● **TASK BRIEF**:
Return the data verbatim, without pictures.

● **DATA EXCERPT**:
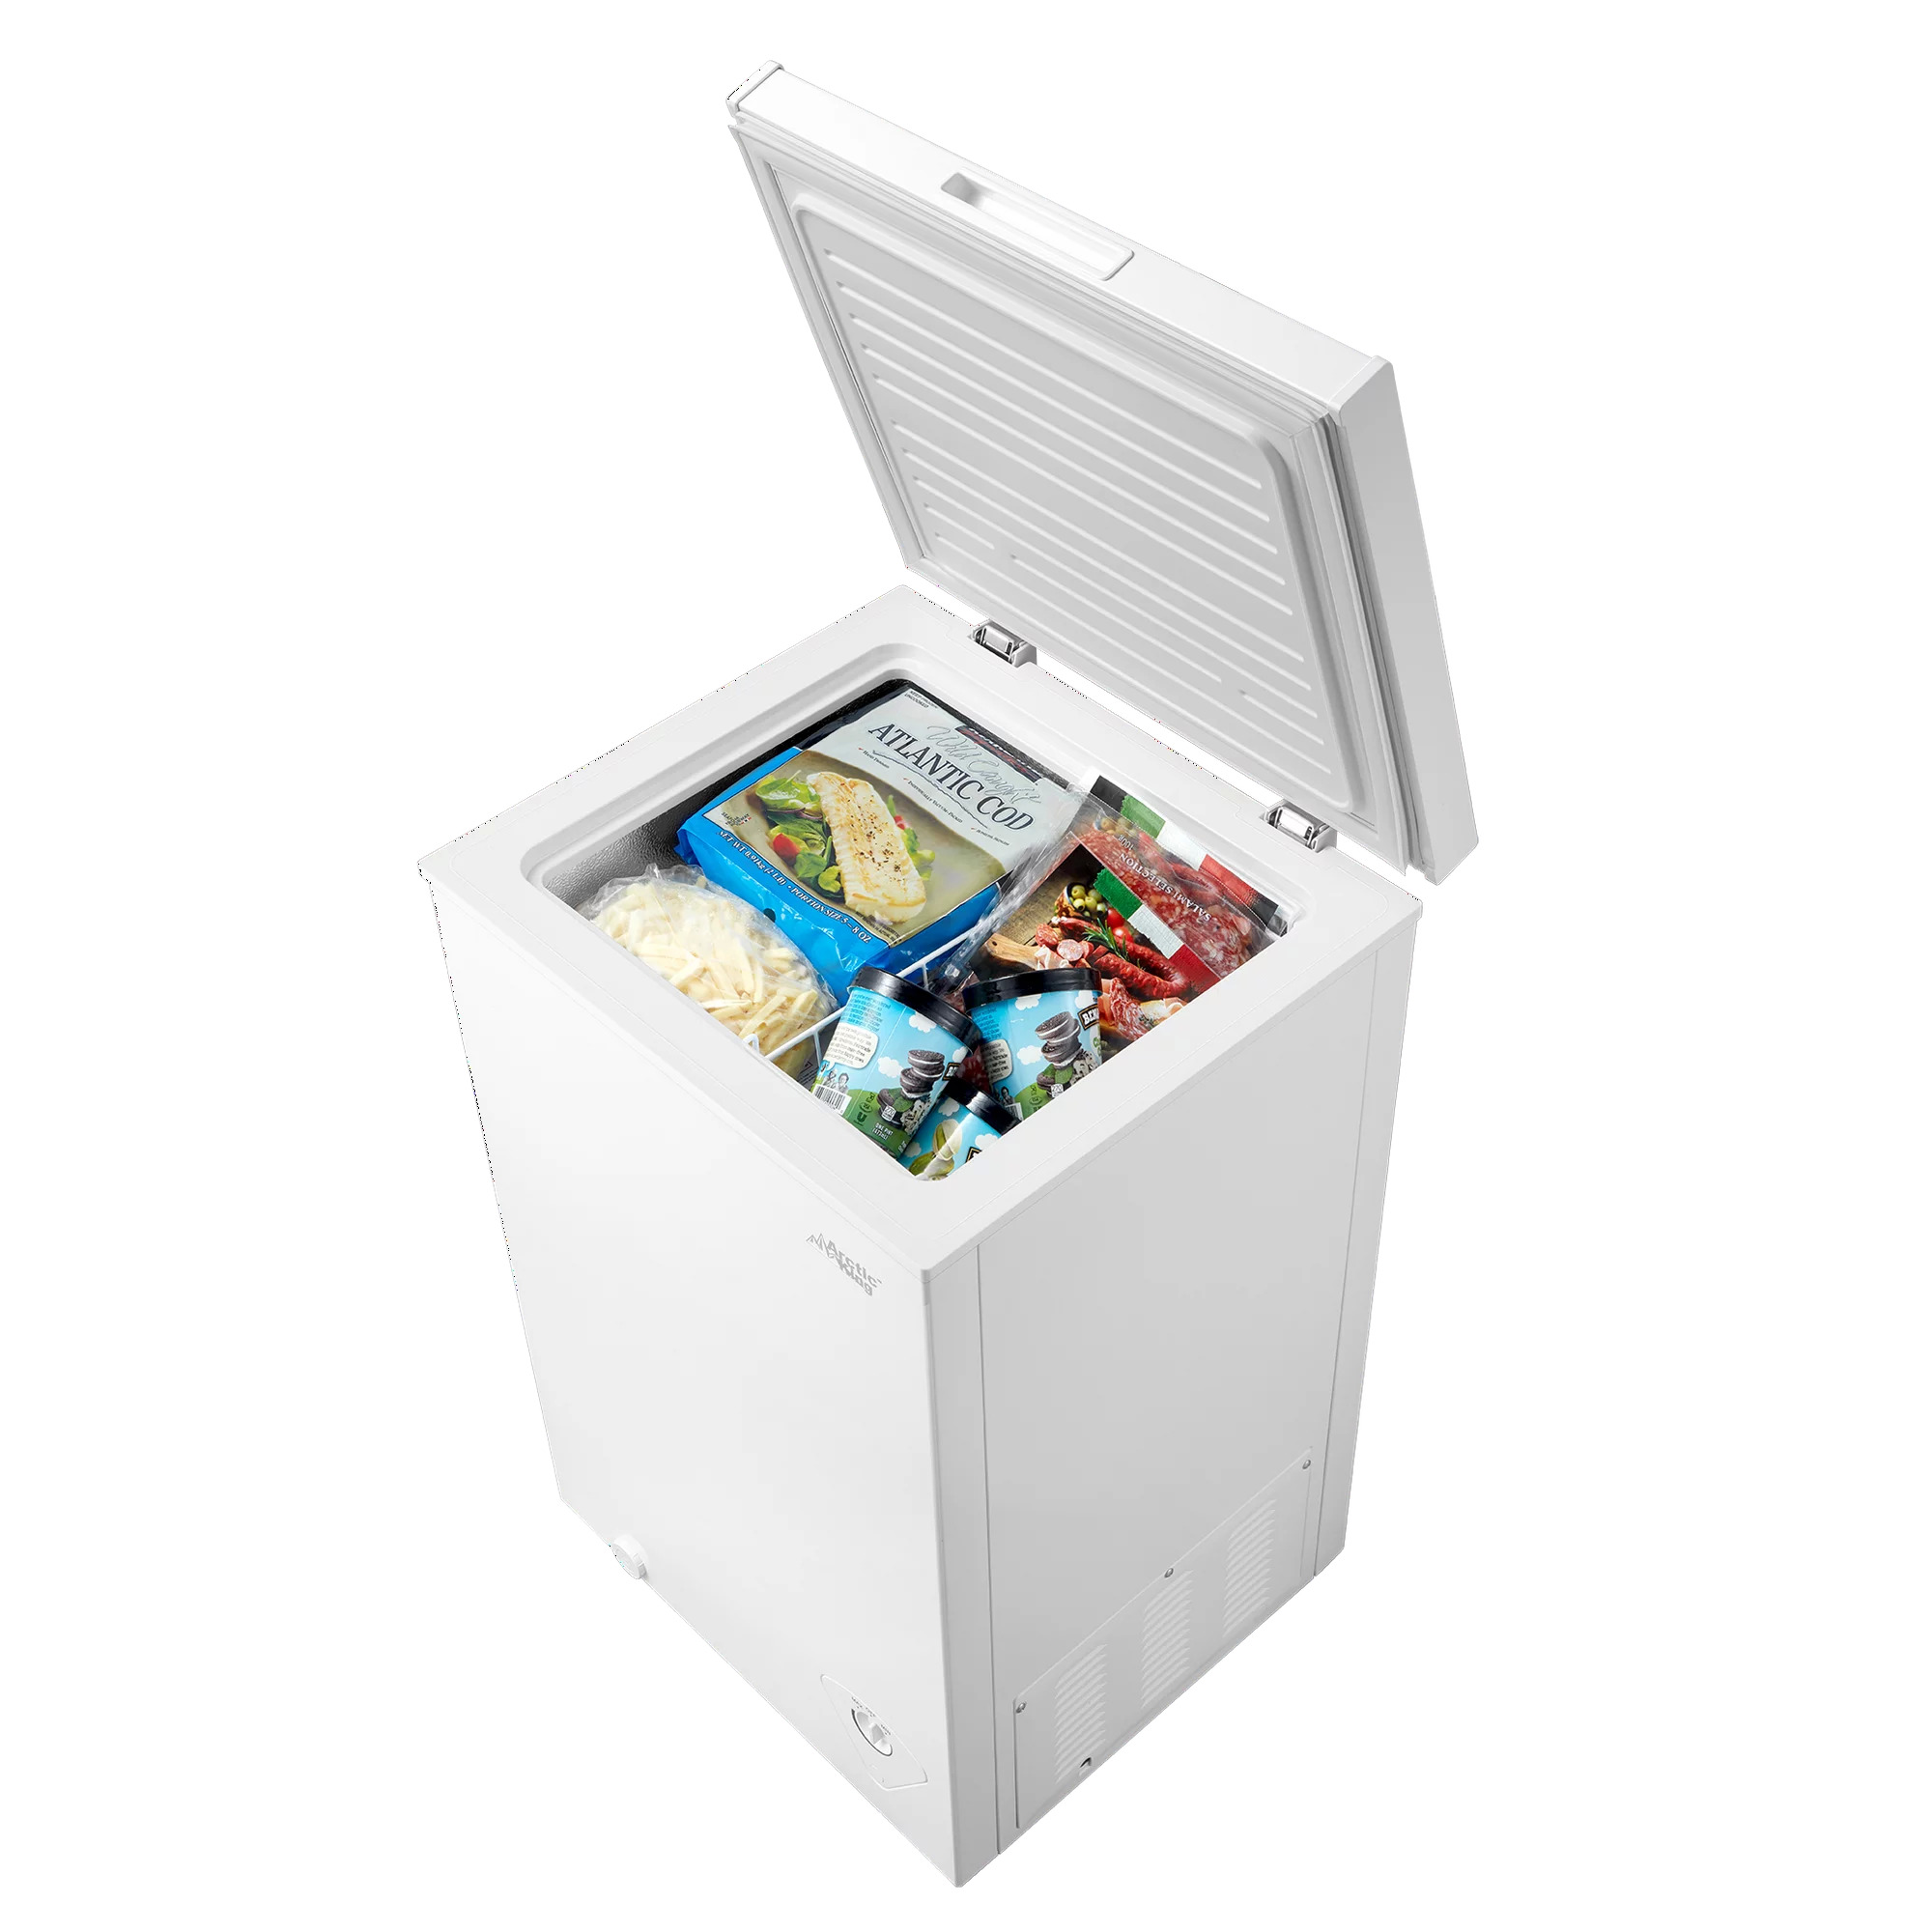 3.5 Cu ft. Arctic King Chest Freezer $118 + Free Shipping
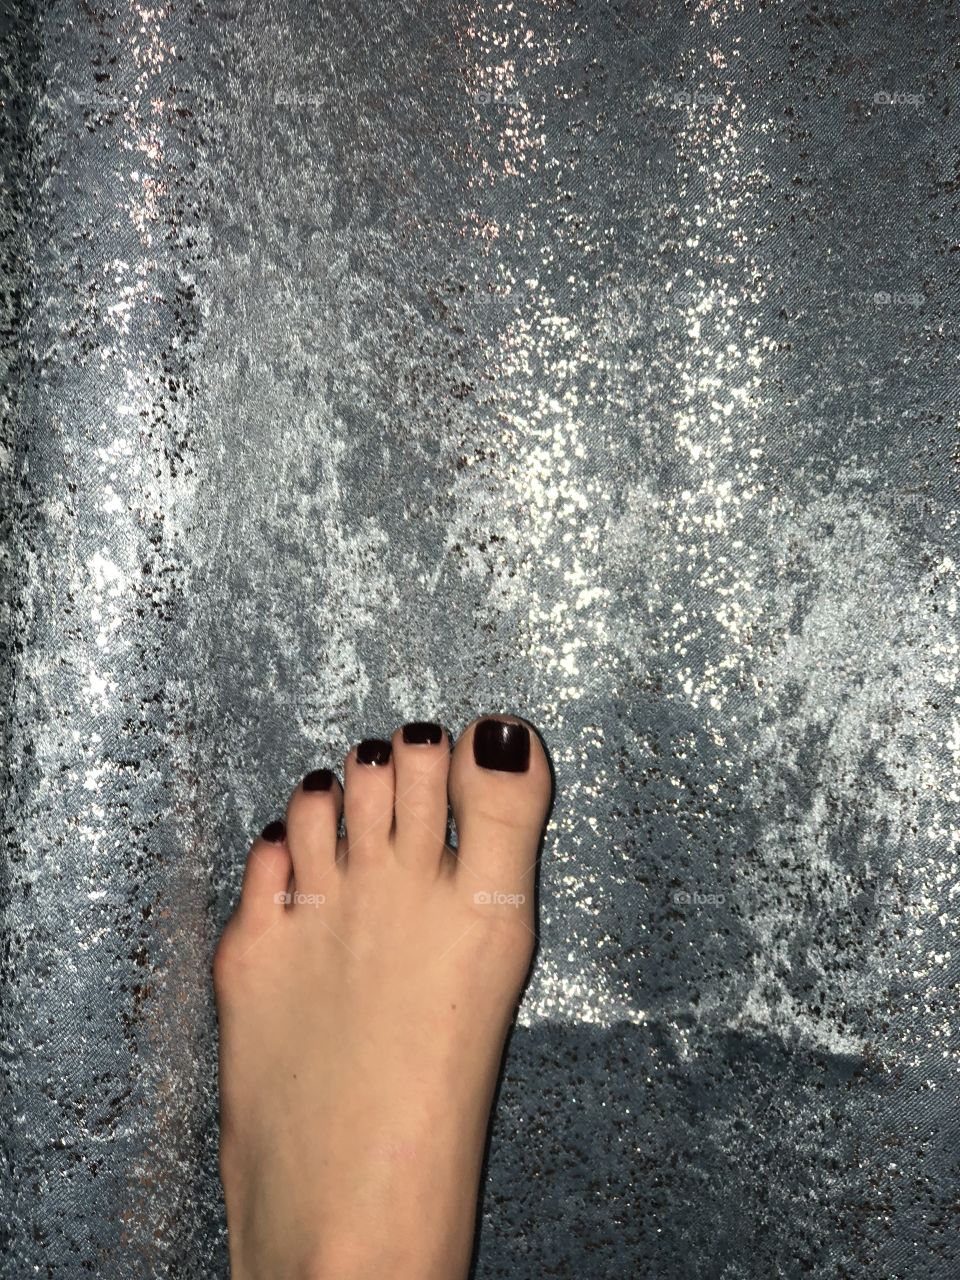 Sample picture of our feet pics
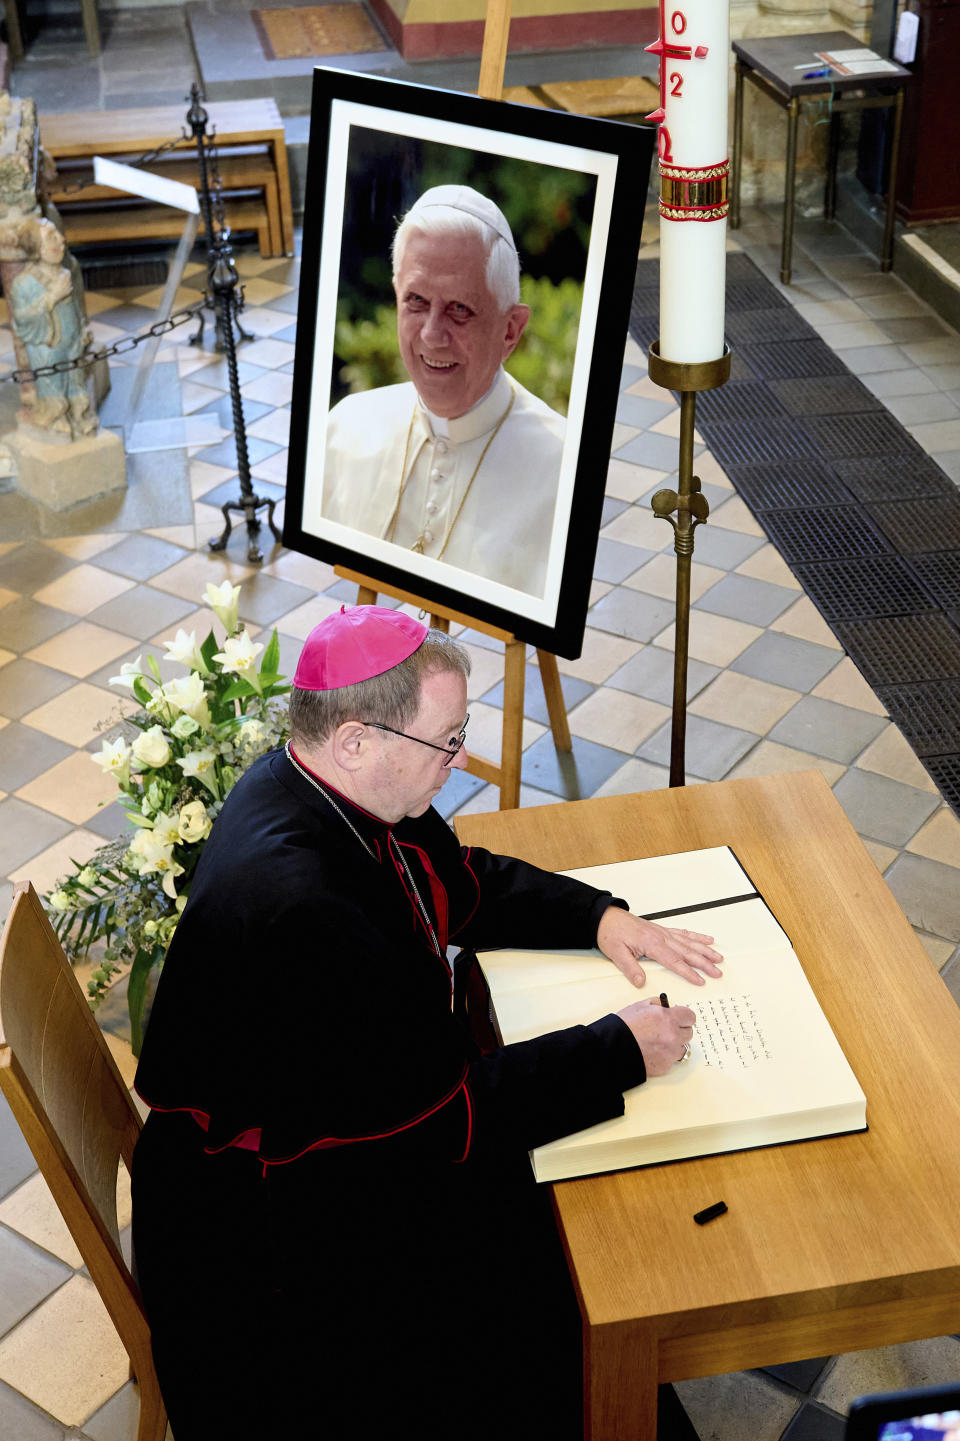 Bishop Georg Baetzing, head of the German Bishops' Conference, signs the book of condolence for Pope Emeritus Benedict at the Limburg Cathedral in Limburg, Germany, Saturday, Dec. 31, 2022. Pope Emeritus Benedict XVI, the German theologian who will be remembered as the first pope in 600 years to resign, has died, the Vatican announced Saturday. He was 95. (Thomas Frey/dpa via AP)
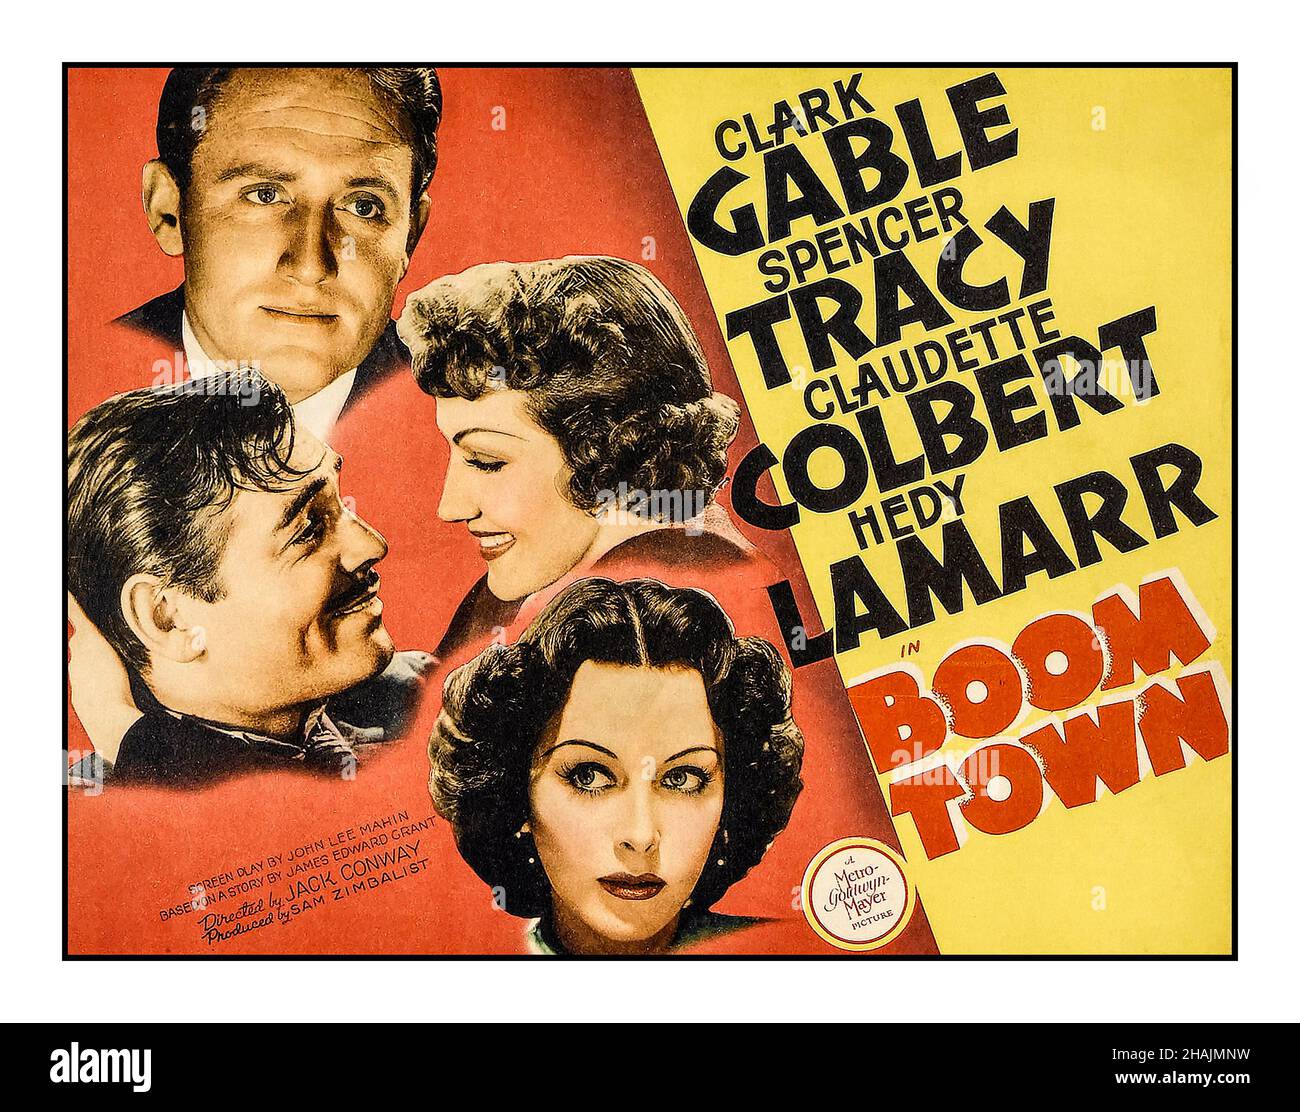 BOOM TOWN POSTER Vintage 1940 Movie Film Poster with Clark Gable Spencer Tracy Claudette Colbert and Hedy Lamarr in BOOM TOWN Directed by Jack Conway Vintage Movie Film Poster, 1940  MGM USA Stock Photo

● **PROBLEM SOLUTION**:
 3.5 Cu ft. Arctic King Chest Freezer $118 + Free Shipping
 Sample picture of our feet pics
 Bishop Georg Baetzing, head of the German Bishops' Conference, signs the book of condolence for Pope Emeritus Benedict at the Limburg Cathedral in Limburg, Germany, Saturday, Dec. 31, 2022. Pope Emeritus Benedict XVI, the German theologian who will be remembered as the first pope in 600 years to resign, has died, the Vatican announced Saturday. He was 95. (Thomas Frey/dpa via AP)
 BOOM TOWN POSTER Vintage 1940 Movie Film Poster with Clark Gable Spencer Tracy Claudette Colbert and Hedy Lamarr in BOOM TOWN Directed by Jack Conway Vintage Movie Film Poster, 1940  MGM USA Stock Photo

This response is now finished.